Member of the Maine House of Representatives from District 82
- Incumbent
- Assumed office December 7, 2022
- Preceded by: Nathan Wadsworth
- Constituency: Brownfield, Fryeburg, Lovell, Hiram, Porter

Personal details
- Born: Caleb Joshua Ness July 15, 1999 (age 27) North Conway, New Hampshire, U.S.
- Party: Republican
- Alma mater: Hyles-Anderson College
- Occupation: Steel fabricator

= Caleb Ness =

American politician (born 1999)

Caleb Joshua Ness (/nəss/; born July 15, 1999) is an American politician. He previously served as a member of the Maine House of Representatives for District 82, which encompasses Brownfield, Fryeburg, Lovell, Hiram and Porter, for the Republican Party from 2022 until 2024. At the time, he was the youngest legislator in Maine and among the youngest state legislators in the United States.

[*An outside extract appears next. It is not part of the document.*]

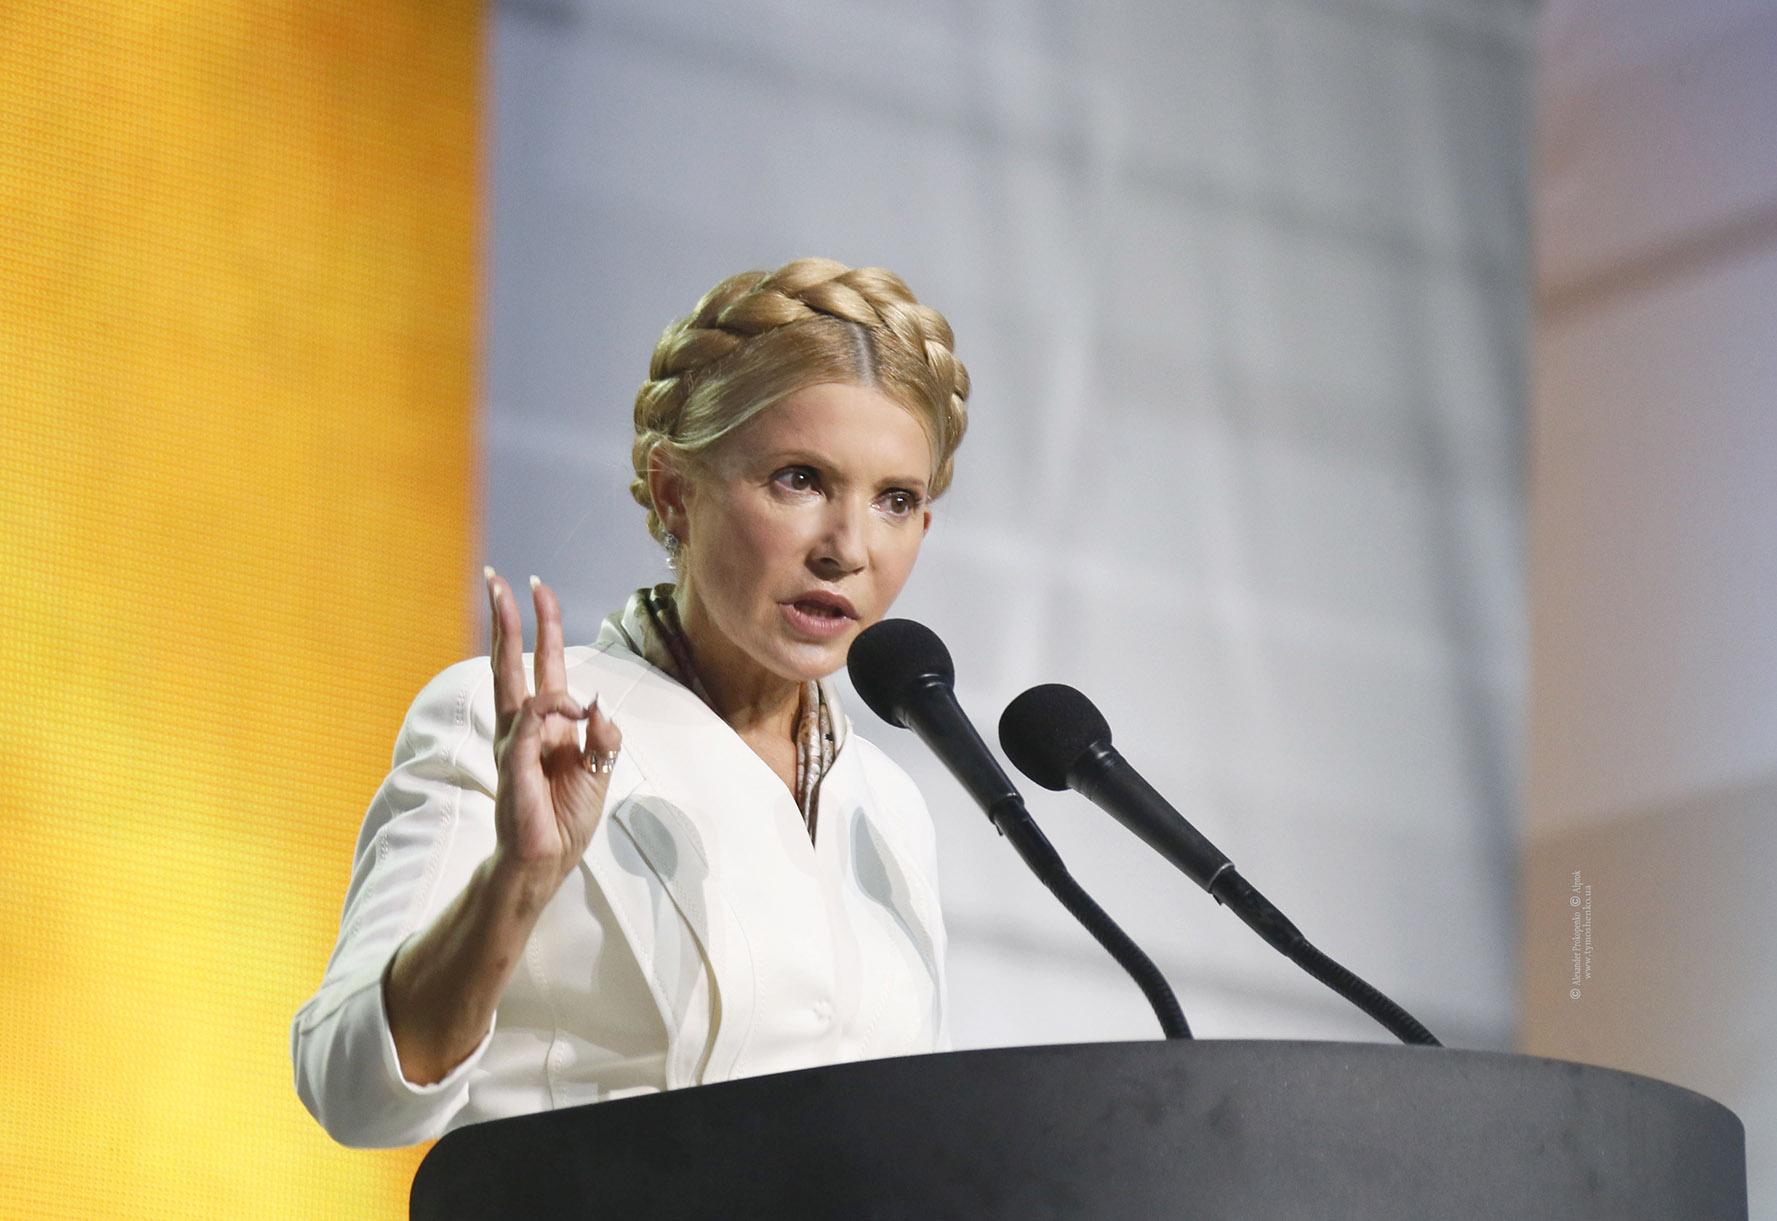 Порошенко пытается еще больше расколоть общество своими плакатами - Тимошенко

== Early life and education ==
Ness was born July 15, 1999, in Fryeburg, Maine to Erick and Melanie Ness. He has one elder sister. His father is a pastor at Center Conway Baptist Church in Center Conway, New Hampshire and also operates Clear View Window Cleaning. His mother, Melanie Ness, works at Christmas Tree Shops and is a church pianist who leads the Junior Church for children. He studied at Hyles-Anderson College, private Baptist college, in Crown Point, Indiana.

== Career ==
He is currently employed as concrete reinforcing steel fabricator.

== Politics ==
Ness had a passion for politics for a long-time and has publicly engaged since 2020. In the 2022 Maine House of Representative election, he won the general election on November 8, 2022. He defeated Nathan Burnett (D) and assumed office on December 7, 2022. His current term expires on December 4, 2024. He currently serves on the Innovation, Development, Economic Advancement and Business committee.